Mais cela aurait eu du panache de découvrir dans Proust, la reine de Naples rencontrant la reine de Mingrelie.
Patricio
28 mai 2019 @ 11:53
Très intéressant, merci Régine
Amitiés
Patricio
Mayg
28 mai 2019 @ 13:13
Très intéressant. Je n’avais jamais entendu parler de ces souverains de Mingrélie.
Claudia
28 mai 2019 @ 13:47
J’avoue que je n’avais jamais entendu parler de la Mingrélie….
Alinéas
28 mai 2019 @ 14:17
Merci pour cette première partie détaillée, fort intéressante.. C’est avec impatience que j’attends la suite !!!
Julie W.
28 mai 2019 @ 23:04
C’est très émouvant, pour moi, de lire cet échange. Car mon arrière-grand-oncle – un français installé à Zougdidi – était très proche des princes Dadiani. Il avait épousé une cousine de Niko 1er et Salomé. Cette « tante de Géorgie » m’a beaucoup intriguée, plus jeune… On la disait d’une beauté incroyable.
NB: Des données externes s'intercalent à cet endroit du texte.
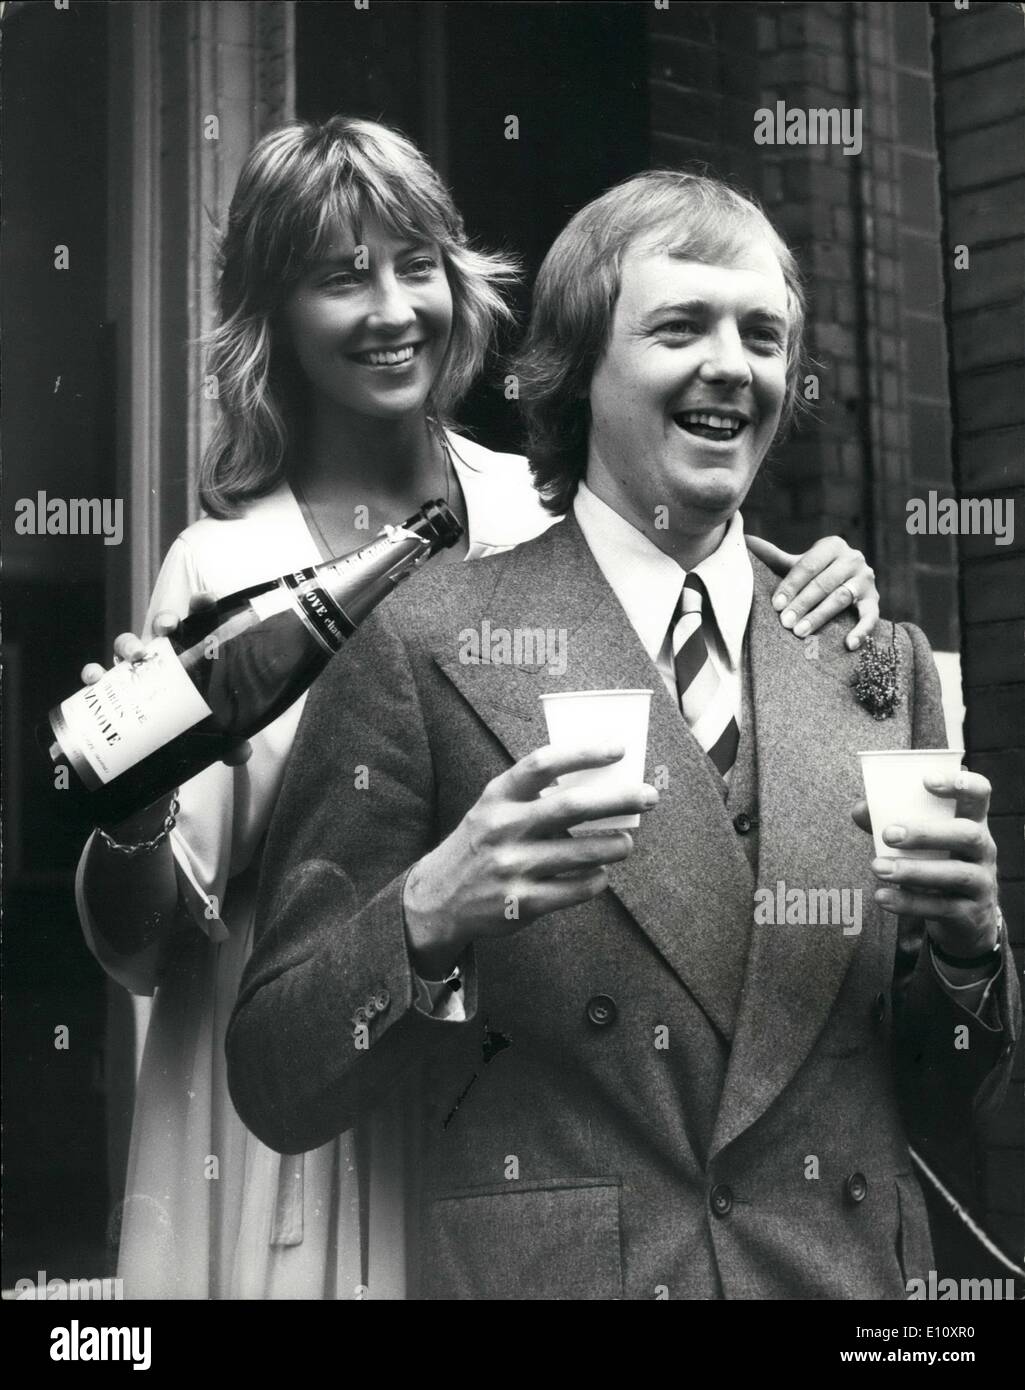 Aug. 08, 1974 - Mr. Superstar marries - Tim Rice, the Wealthy Lyricist of the hit musical ''Jesus Christ Superstar'' was married today to 27-year-old Jame McIntosh, a production assistant with the National Theatre. The Ceremony took place at Kensington Register Office. Stock Photo

Merci à Noblesse & Royautés pour ces précieux témoignages ! On parle si peu de cette famille, liée à d’intéressants personnages – comme Bertha von Suttner (1843-1914), première femme Prix Nobel de la Paix.
Anne-Cécile
29 mai 2019 @ 06:55
Ce que l’on oublie souvent de préciser, c’est que les principautés géorgiennes demandèrent la protection de la Russie tsariste et devinrent volontairement des protectorats.
Puis les familles régnantes de ces principautés, et plus encore la noblesse, en virent à demander leur incorporation dans la noblesse d’Empire (pour leur permettre d’accéder à des fonctions rémunératrices, car beaucoup étaient « pauvres » – un dicton géorgien : est prince celui qui a sa propre grotte et des chèvres). La conséquence juridique fut qu’ils signèrent la fin de leur indépendance.
On peut voir encore le document (certains princes ne sachant écrire signèrent d’une croix) demandant leur rattachement à la noblesse d’Empire à la Bibliothèque nationale parlementaire de Géorgie.
Philippe
29 mai 2019 @ 08:36
Totale solidarité avec Marie de Rohan-Chabot.
La pauvre … quel cauchemar !
ABER
1 juin 2019 @ 20:21
Oui à l’époque çà devait être quelque chose….parce qu’ encore aujourd’hui, c’est un autre monde….Il faut supporter. En Afrique, j’ai vu des expats tomber en dépression permanente….faire abstraction de ses habitudes est impératif.